I swung by the library last night after work to pick up a new book.

At home, I am surrounded by books, and in case you can't tell from that widget over there on the right {scroll down: see the one called "Also, I Heart Reading"? Yeah, that's what you need to be looking at}, I'm almost always reading multiple books at once.

Stacked around my apartment in odd places—no, let's not call them odd. Let's call them quirkily surprising places. Let's call them proof that I love reading; surely I must if there is a stack of books on top of my microwave.

And on that tiered lamp from Target; one of the other shelves is currently holding nesting dolls from Russia {well-travelled and literate and a stacker!}.

And by my fruit bowl.

I am surrounded by books wherever I go, and so it's always surprising when I find myself uninspired with my selection.

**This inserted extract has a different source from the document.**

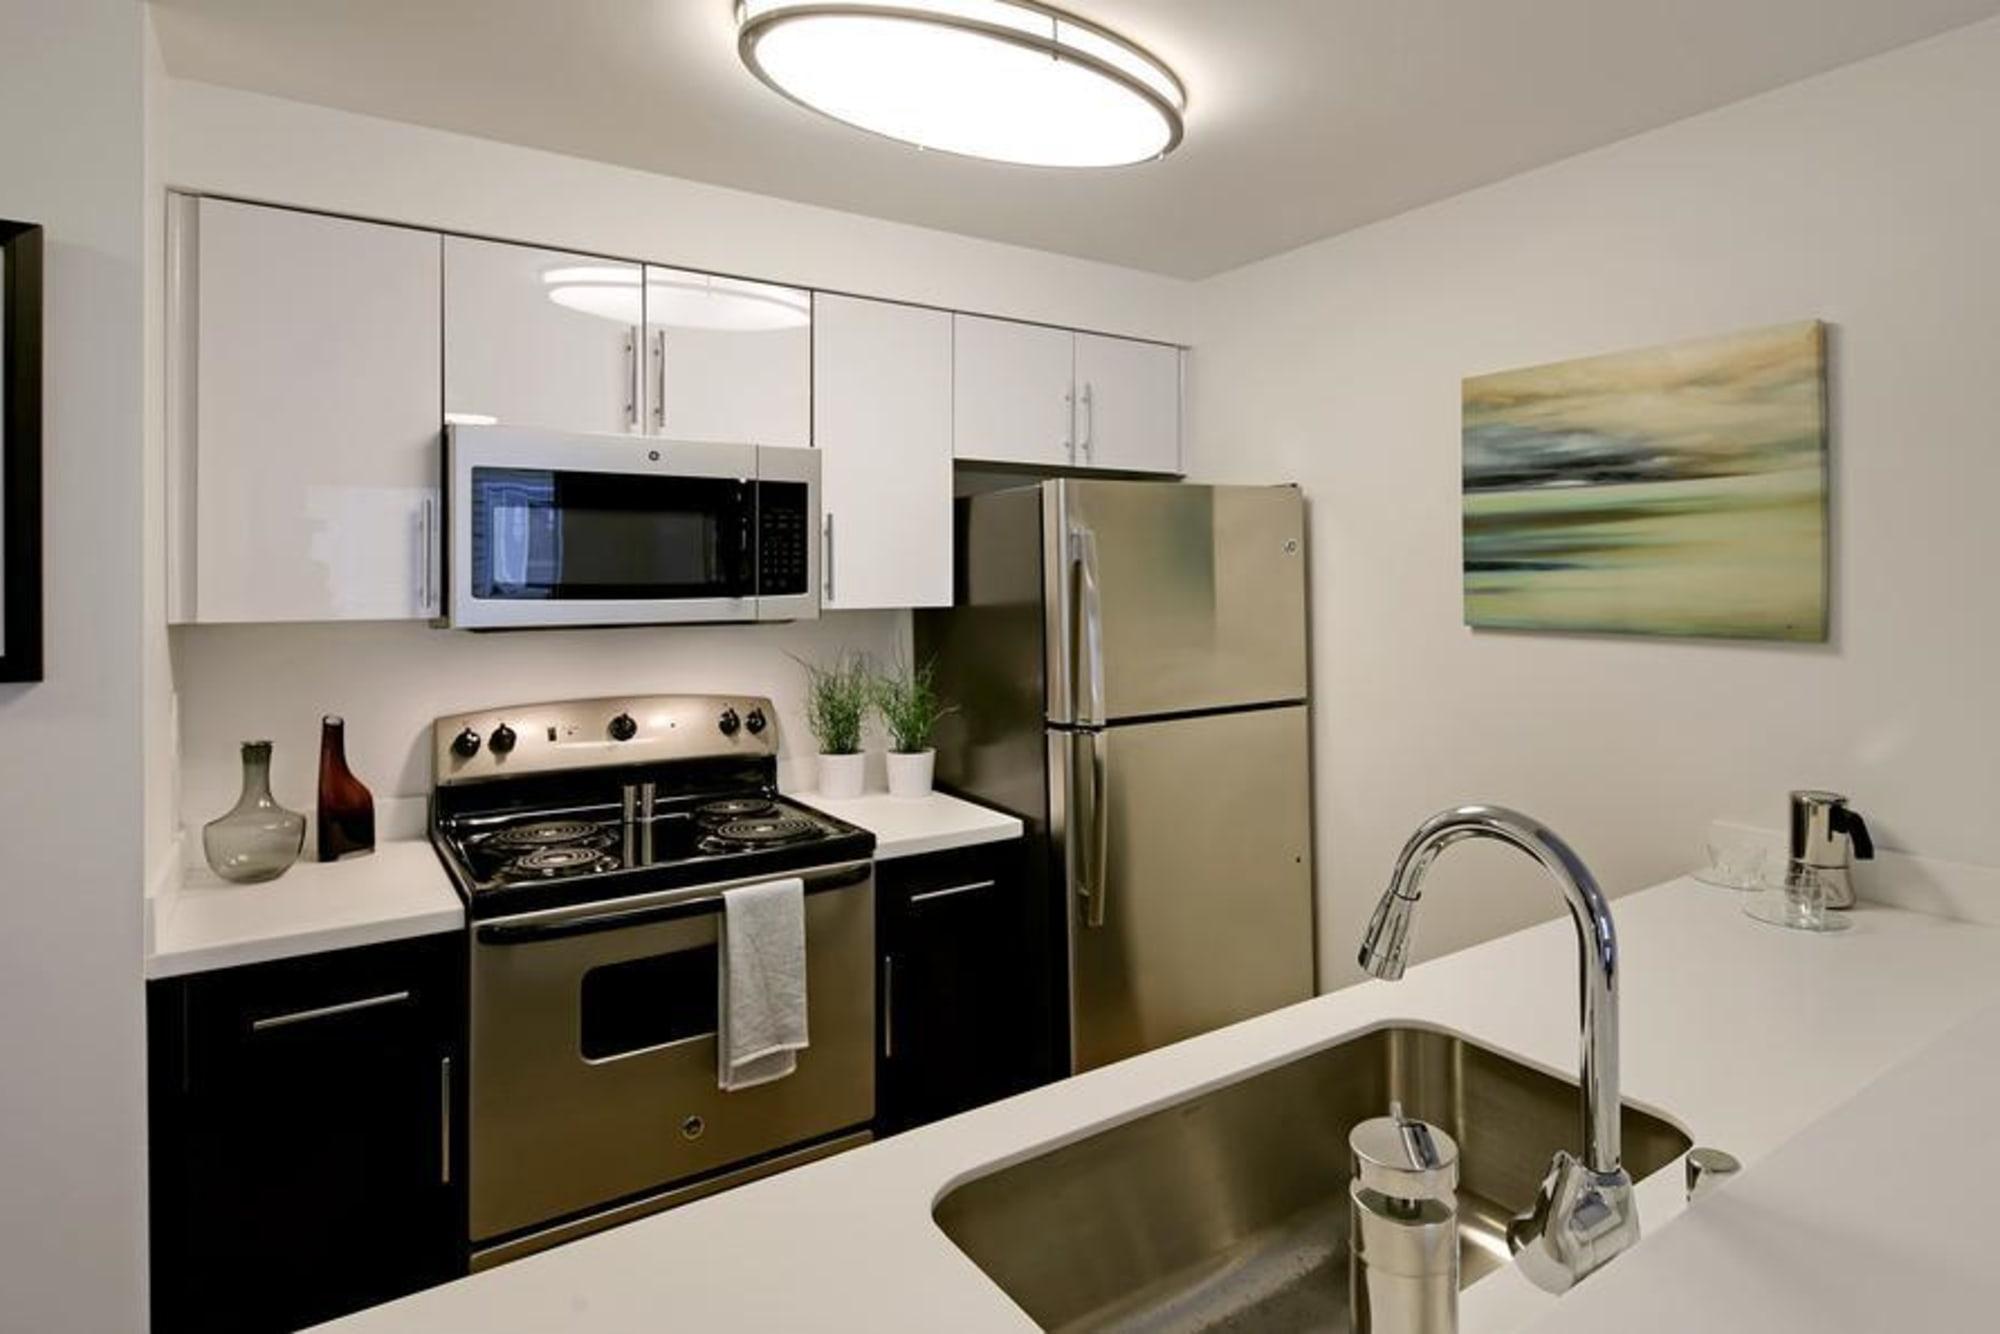 white cabinet model spec at Elan 41 Apartments in Seattle, WA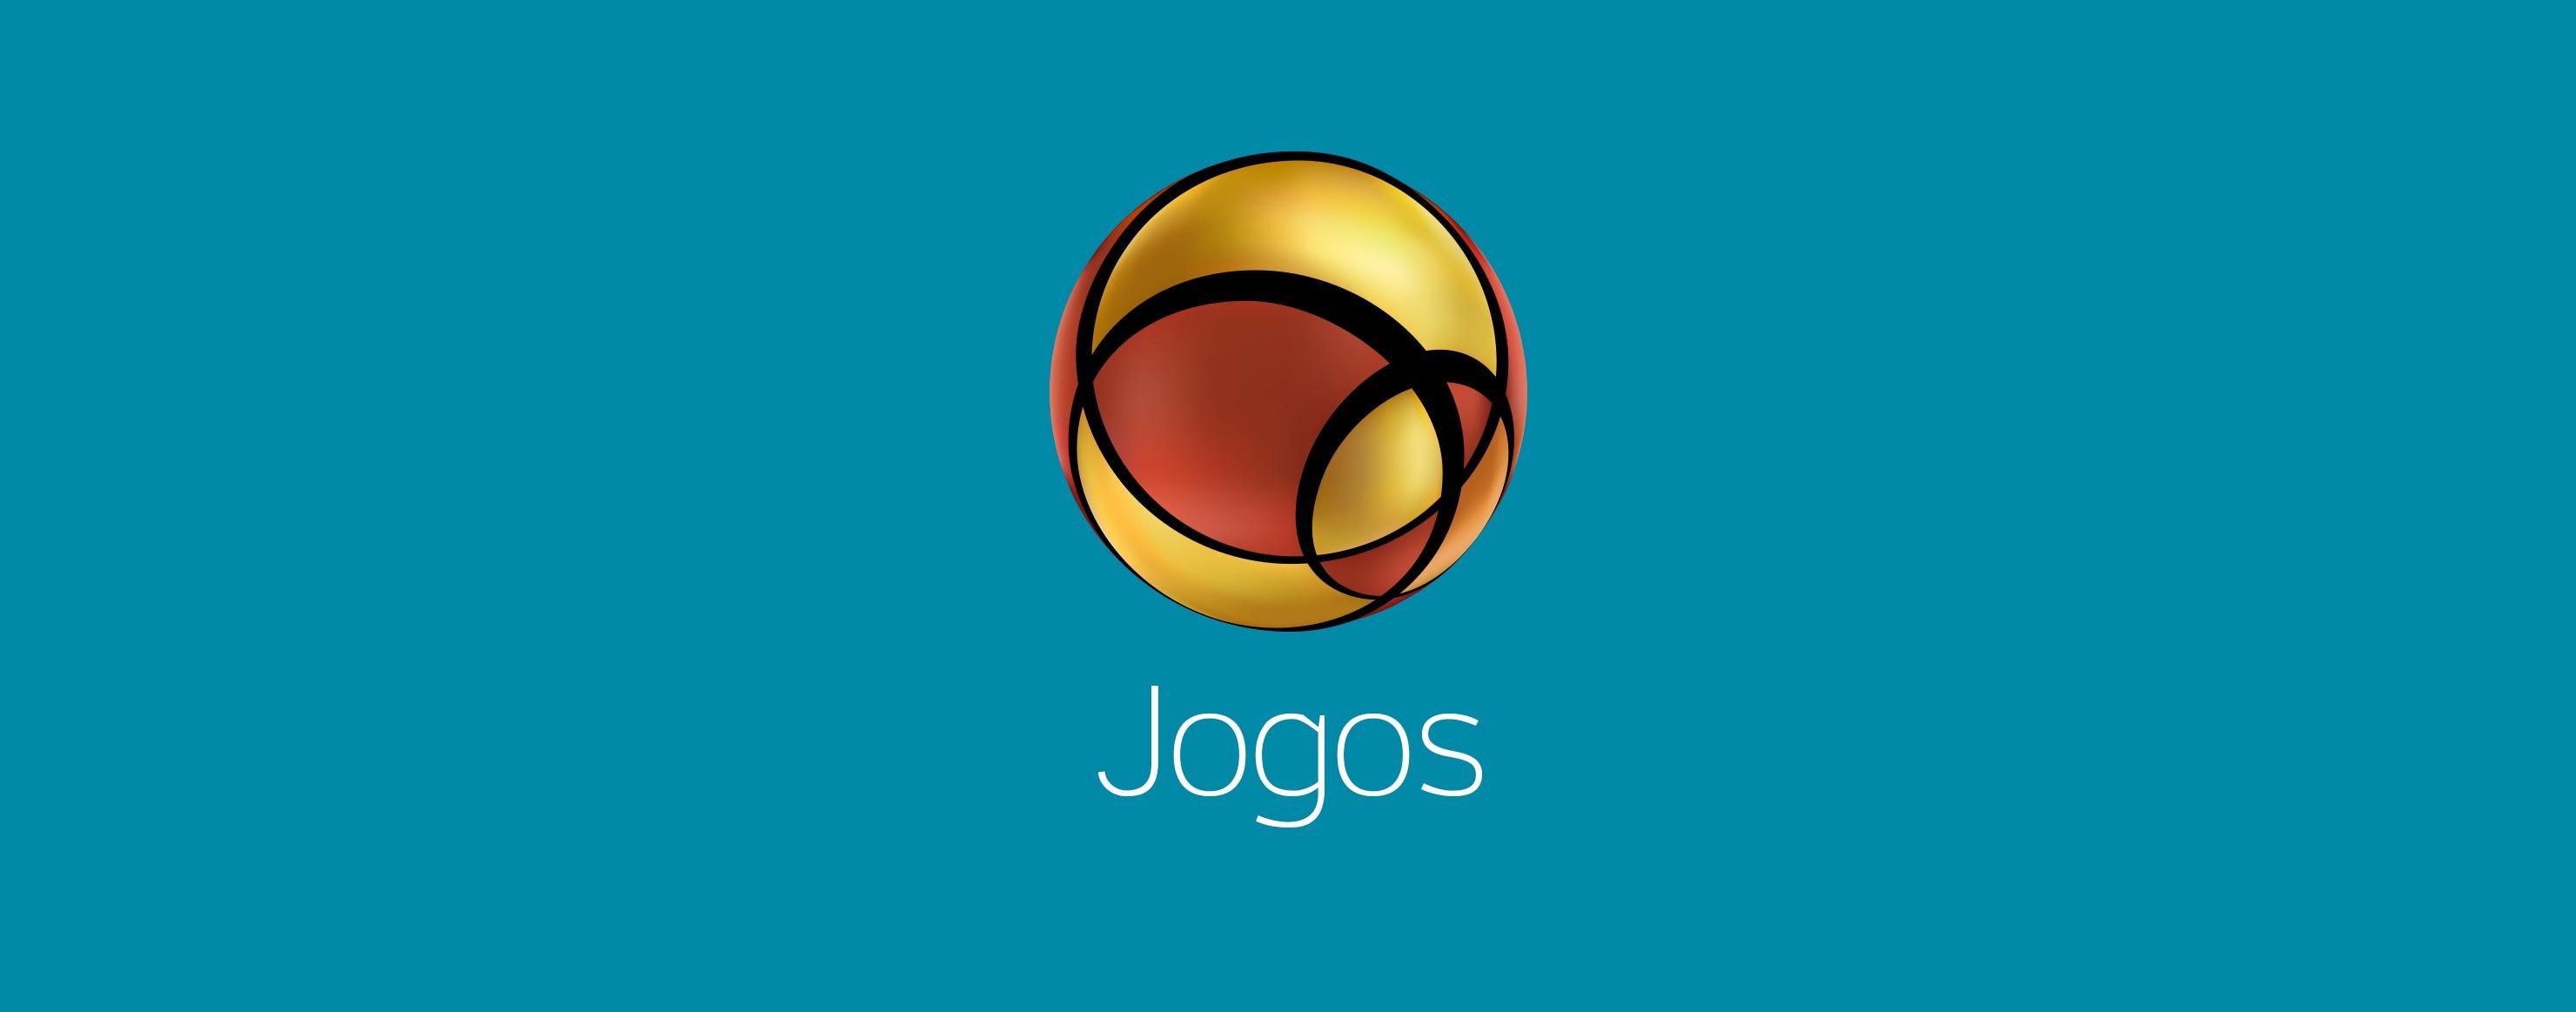 Calendario Da Copa 2019 Jogos Do Brasil Para Imprimir Más Caliente Jogos Uol Entretenimento

I have—literally but not in a hoarder kind of way—stacks of books to choose from. Books that at one moment I found interesting enough to buy but that, at this moment, aren't meeting my reading need.

I read multiple books at once to fulfill multiple reading needs. I like non-fiction for the weekends and travelling, when I have more time to read.

I like literary prose for the early mornings, when I do my best writing.

And I like engaging stories for bedtime, and that was what I was missing. I was trying to read literary prose {Dearly Beloved, a stream-of-consciousness novel by Anne Morrow Lindbergh—yes, that Lindbergh—that makes me think of my beloved Katherine Mansfield} at bedtime, and instead of calming me and transitioning me into sleep, it somehow made my dreams fantastical and memorable and I woke up more than I usually do.

No, that wouldn't do at all, so I swung by the library last night to pick up For Darkness Shows the Stars, a young adult book set in a dystopian future.

Nothing says "will not give you fantastical dreams" like "dystopian future," eh?
Oh, but it's more than a dystopian future: it's a re-imagining of Jane Austen's Persuasion in that dystopia.

Last year at this time, I re-read Persuasion {you can read about it here}, so maybe this is just my Persuasion season. Maybe next year, I can read a utopian future re-telling of it.

But for now, I hope in this For Darkness Shows the Stars, I get:
  • discussions of how many pounds a year a man has: Unless this dystopia has no money and therefore no way to judge a man by how much he's worth.
  • a silly, overdramatic scene that takes place on the pier in Lyme Regis: If you've read Persuasion, you'll know that there's a pivotal scene involving some jumping that is too precipitate, poor communication, and an unfortunate hitting of the head on the pier. I think in this re-telling, Lyme Regis should still exist—it should represent some indestructible part of society, and it should be the only place left to have fun, even though, in the movie version of Persuasion at least, it looks like a wet, windswept, unfun place to be.
  • a letter written by the Wentworth character that makes the rest of the story worth it: As I wrote about last year, I will read 234 pages of that story, just to get to the point where Wentworth passionately declares his love—in a letter. {Um, sorry if you've never read the book. I probably should've said: SPOILER ALERT.} In this dystopian future, I will accept a hologram communique {you know, like in Star Wars} as the form of this letter.